The BYD is taller to offset the battery, making the size misleading. However, the golf is not particularly a particularly good or space efficient car - others will do better at similar or lower weight.

250kg seems like a fair minimum weight increase, roughly 20%. The larger the car, the larger the gap though, as the rocket equation catches up - see a Skoda Octavia vs. a Polestar 2.

EVs are still way more efficient, but that doesn't mean we should turn our blind eye to making an already bad tire problem worse.

1 comments

Higher trim Dolphin has 150kW motor and weights 1658 kg. VW Golf with 150 kW (204 PS) engine weights 1492 kg empty. I see only 10% difference.
Same tier EVs are always more powerful than gasoline cars as they are generally just battery limited, not motor limited.

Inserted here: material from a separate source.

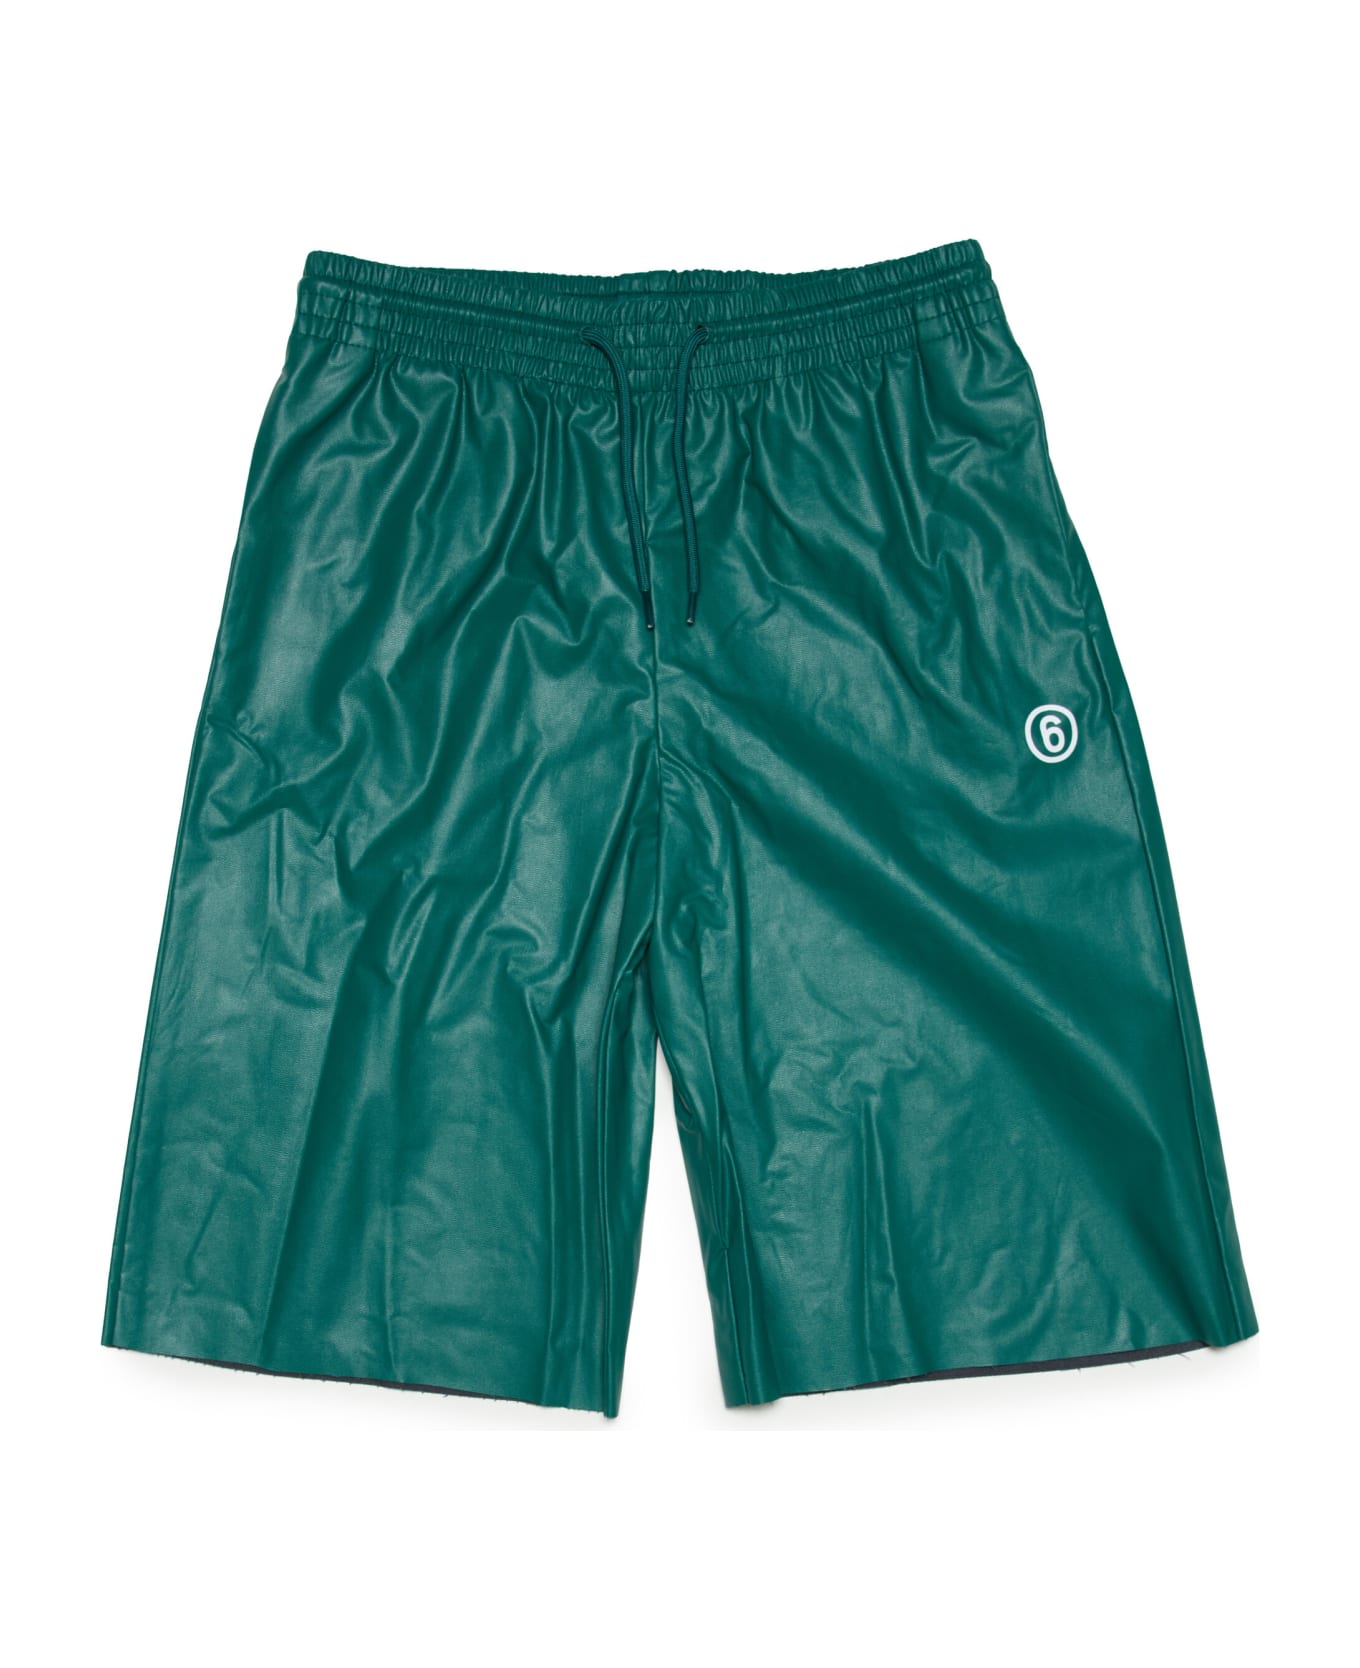 MM6 Maison Margiela Mm6p68u Shorts Maison Margiela Green Fake Leather Shorts With Logo - Forest green

EVs are just a better tech in that regard, and buyers are not buying a Dolphin or golf based on torque or max HP. They're compacts in the same space. Someone looking at a dolphin would more likely be looking at the lighter eco motors.

This is true in other tiers too, e.g. a performance tier gasoline car might be 250-350 HP, while the same tier EV might start at 450-550hp just because they can.

The difference within a tier, simply based on the fact you're replacing at best a lightweight 100kg engine with 400-500kg worth of battery, can't be as small as you suggest.

With larger EVs, the battery weight is much greater, increasing the impact. Rocket equation and all.